I got enough pieces done enough that I wanted to stick things more or less together. Here's the result:
The "full assembly" there isn't quite as close to complete as it looks. The gantry is held on by only a few screws, since they don't entirely line up. Not sure what's crooked, but something sure is. The sides are also only loosely held. The rails need a couple more holes tapped/screws put in. And so on.
Still, only some 4 pieces left to machine (well, 6 pieces, but 4 of them are half-done, so I'll call it 4). Plus fitting, of course, which probably means drilling out some holes to accommodate my crooked tapping, and hitting some crooked gantry supports with the belt sander.
The only really "new" thing to be seen (aside from things being assembled) is the channel cut on the table. That should allow the ballnut to move without grating on the bottom.
Or thereabouts. Seems a little unreasonable when put in those terms, but that also included machining edges, aligning everything (multiple times), and more. On the up side, the base is more or less done! Mostly what's left is to machine the channel in the middle so the ballnut has some clearance. That didn't get done today because the chunk of metal is warped, and I'd rather like that area to be planar with the rest of it. Anyway, the idea is that the linear rails and the supports on the bottom should hold it pretty flat.(Also pictured are the new ginormous linear rails. They could probably use a little grease, but otherwise seem fantastic)
There's a big step- the Z axis is fully(ish) assembled! At least all the hard parts (ie, the ballscrew is secured and going through the carriage). I made a small mistake, and need to drill a hole up top so I can tighten the coupling onto the leadscrew, but that's not terribly difficult nor requiring precision. There leadscrew also isn't quite centered in the axis, so I need to machine out the mounting holes for the stepper plate a bit so it can float into the right position. Again, no big deal.

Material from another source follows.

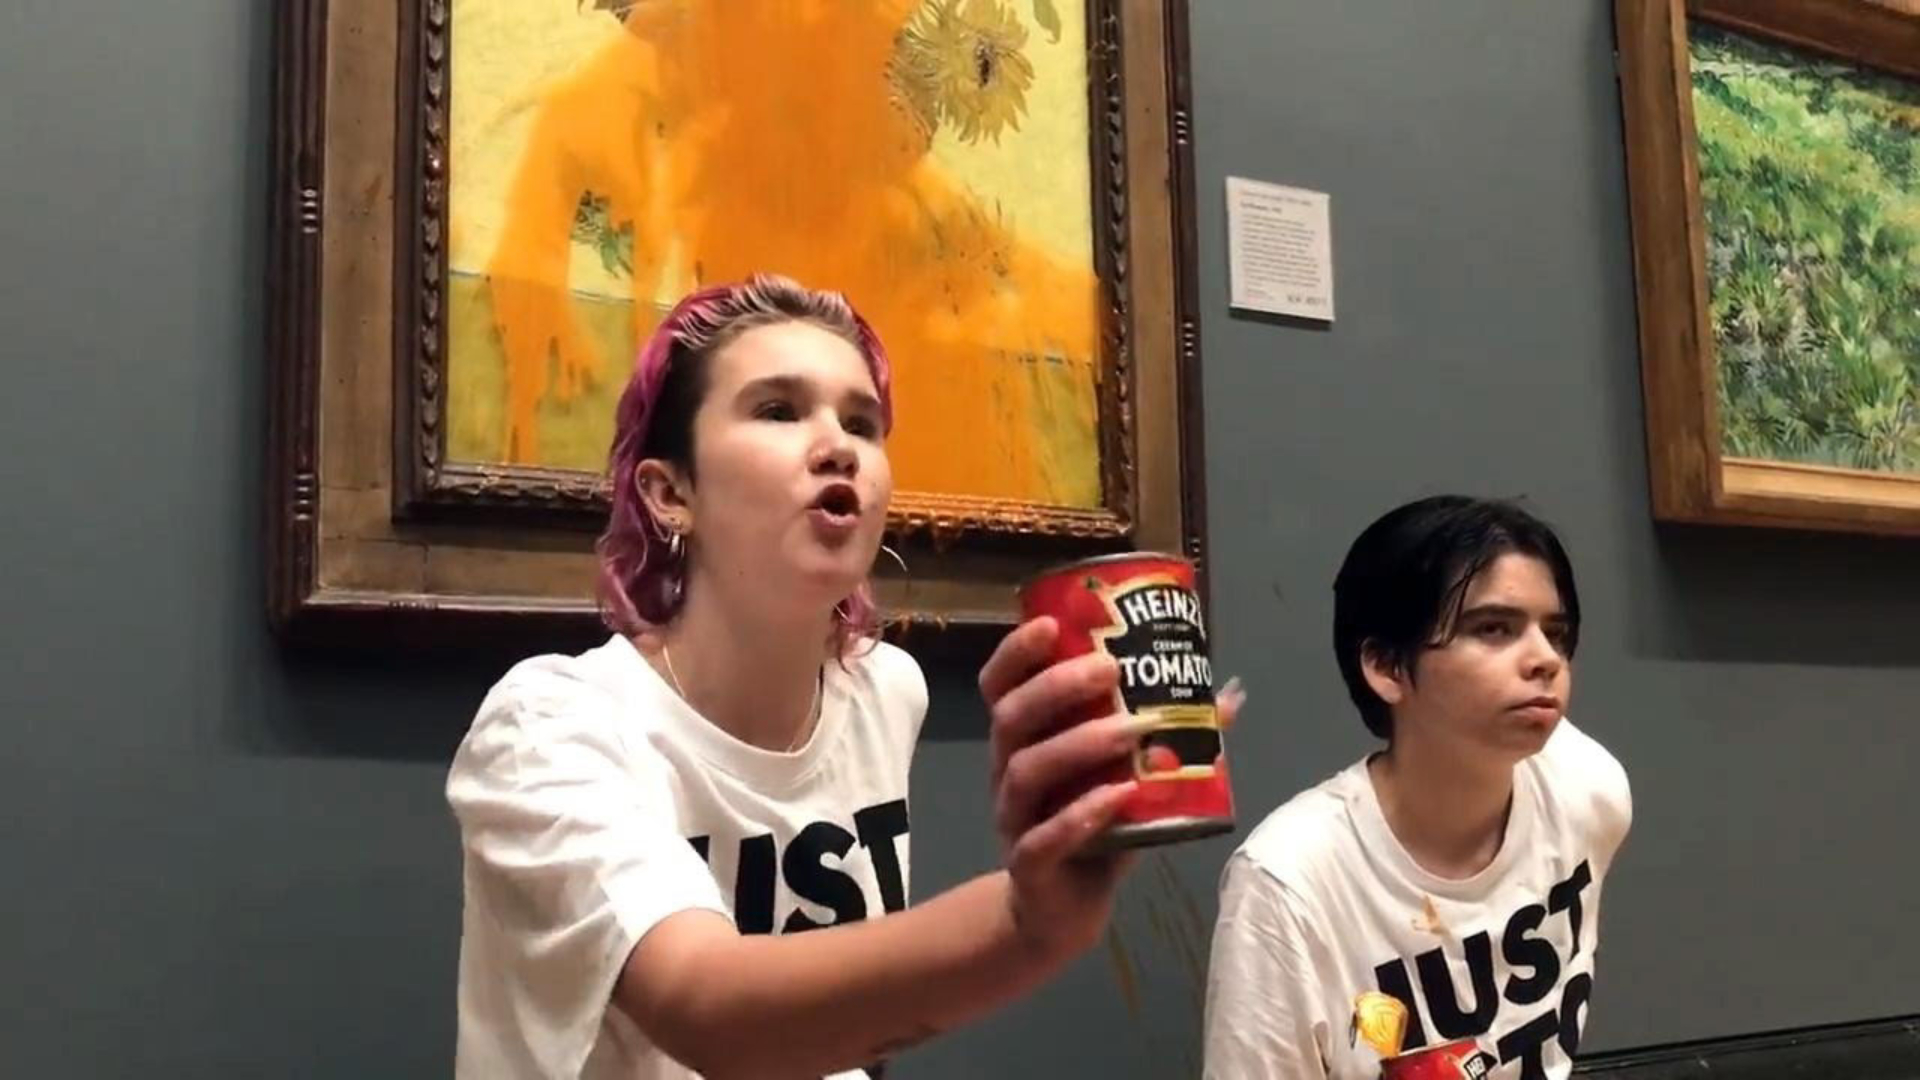 Two supporters of Just Stop Oil threw soup over Vincent Van Gogh’s Sunflowers.

Overall I'm happy. The plate to attach it to the X axis is "done"- all the holes are cut, the relevant surfaces machined flat, and the cutout for the leadscrew mounting block has been made. All that needs to be done on it is to cut it down to the right size- it currently has an extra ~inch on one side...
Anyway, things are still coming together- now I just need to tap a bunch of holes, and machine some giant plates for the main structure of the machine. And then probably spend far too long re-aligning things to get them as close to square as possible.
Speaking of the ballnut... that had to be reversed on the ballscrew. Now, I know there are ball bearings in there, so I was being smart, and turned a piece that would fit on the end of the ballscrew to keep the balls inside while I twisted the nut off. That... didn't work. Somehow the balls got out of their tracks anyway. Fortunately they were covered in grease, and many tedious minutes later I had them stuck back in the right place
After screwing up a couple things, the Z axis is mostly done. I got the front milled flat to accept the new spindle adapter place, a hole bored through it for the leadscrew, and a cutout (plus mounting holes) for the ballnut. Oh, and a place for the bearing beneath it, of course. One little piece needs to be fabbed yet (a bearing clamp for the top side of the leadscrew), and some holes need to be tapped, but otherwise it's basically set.A couple things really went wrong when doing this work. First, the cutout for the ballnut was too big- I screwed up the gcode offsets. Anyway, that meant that the six mounting holes for the ballnut couldn't be drilled. So... with some help and the use of a press, a new chunk of metal was machined to size and pressed in the hole. Then I drilled the holes, and machined the ballnut cavity to the proper size. There shouldn't be a lot of force on those screws (the flange is at the bottom of the carriage), so I think it's all good.